The first issue I ran into is that stacking XDP programs isn't

all that well defined a process. You can make it work, but

it gets messy when both programs have setup/teardown

routines. I kinda, sorta managed to get the two running at

once, and it mostly worked. There *really* needs to be an

easier way that doesn't run headlong into Ubuntu's lovely

"you updated the kernel and tools, we didn't think you'd

need bpftool so we didn't include it" issues, adjusting scripts

until neither says "oops, there's already an XDP program

here! Bye!". I know that this is a pretty new thing, but the

tooling hasn't really caught up yet to make this a comfortable

process.

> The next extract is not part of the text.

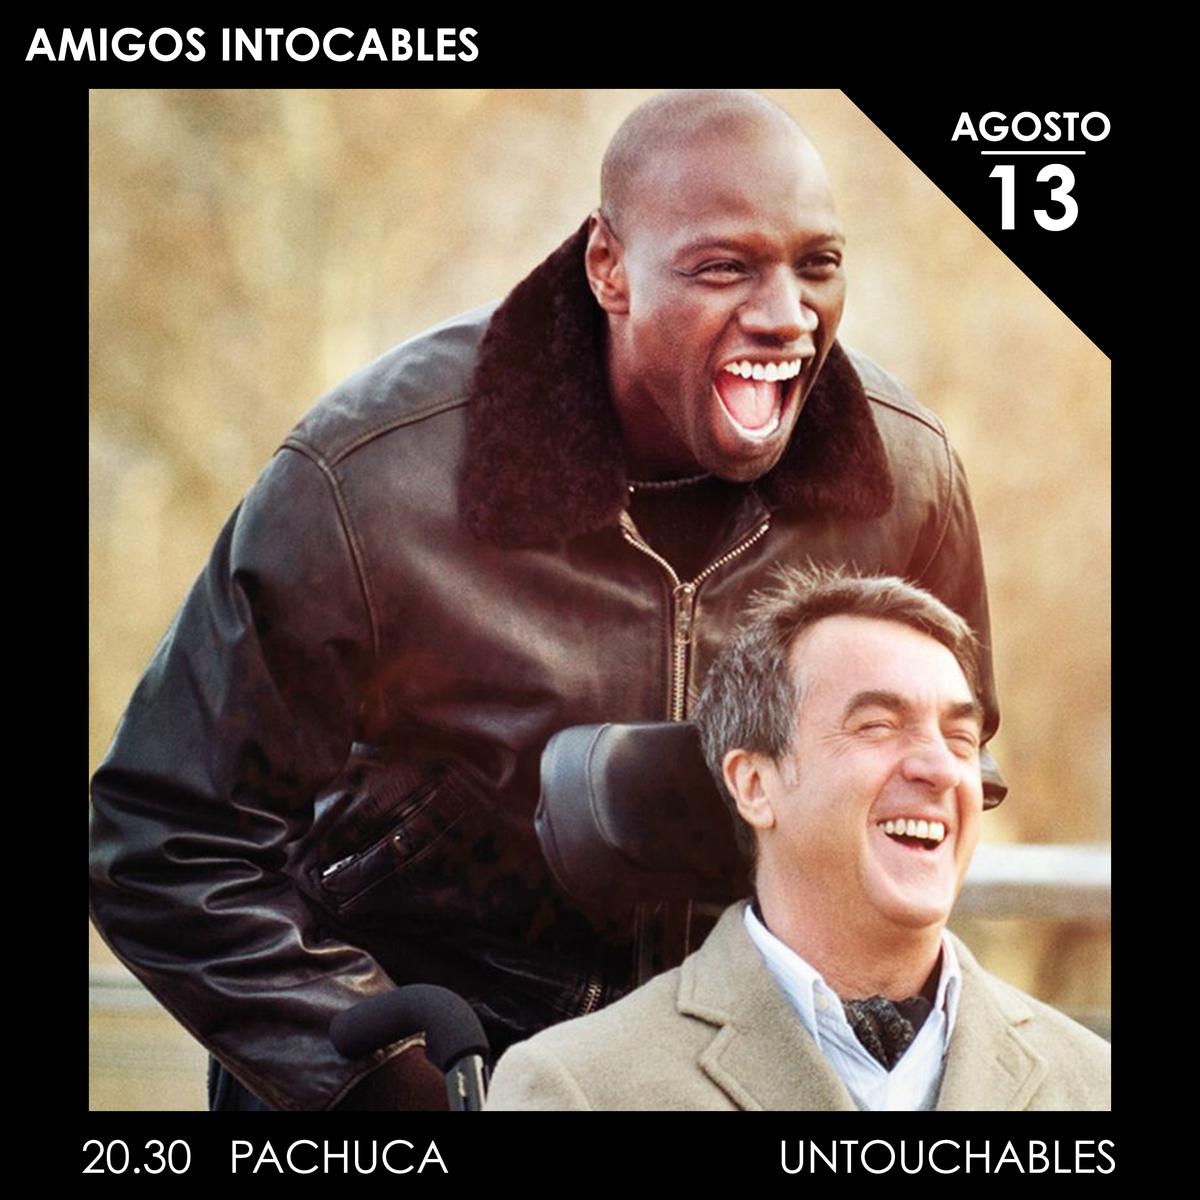 Comenzamos nuestra temporada de #autocinemaveinteveinte con #amigosintocables en la ciudad de Pachuca. https://t.co/B6d3xcWu9Q

I'm pretty sure I spent more time trying to run both

at once than it took to make a combined version that sort-of

ran. (I had a working version in an afternoon)

With the two literally concatenated (but compiled together),

it worked - but there was a noticeable performance cost. That's

where orthogonal design choices hit - epping/xdp-pping is

sampling everything (it can even go looking for DNS and ICMP!).

A QoE box *really* needs to go out of its way to avoid adding

any latency, otherwise you're self-defeating. A representative

sample is really all you need - while for epping's target,

a really detailed sample is what you need. When faced with

differing design goals like that, my response is always to

make a tool that very efficiently does what I need.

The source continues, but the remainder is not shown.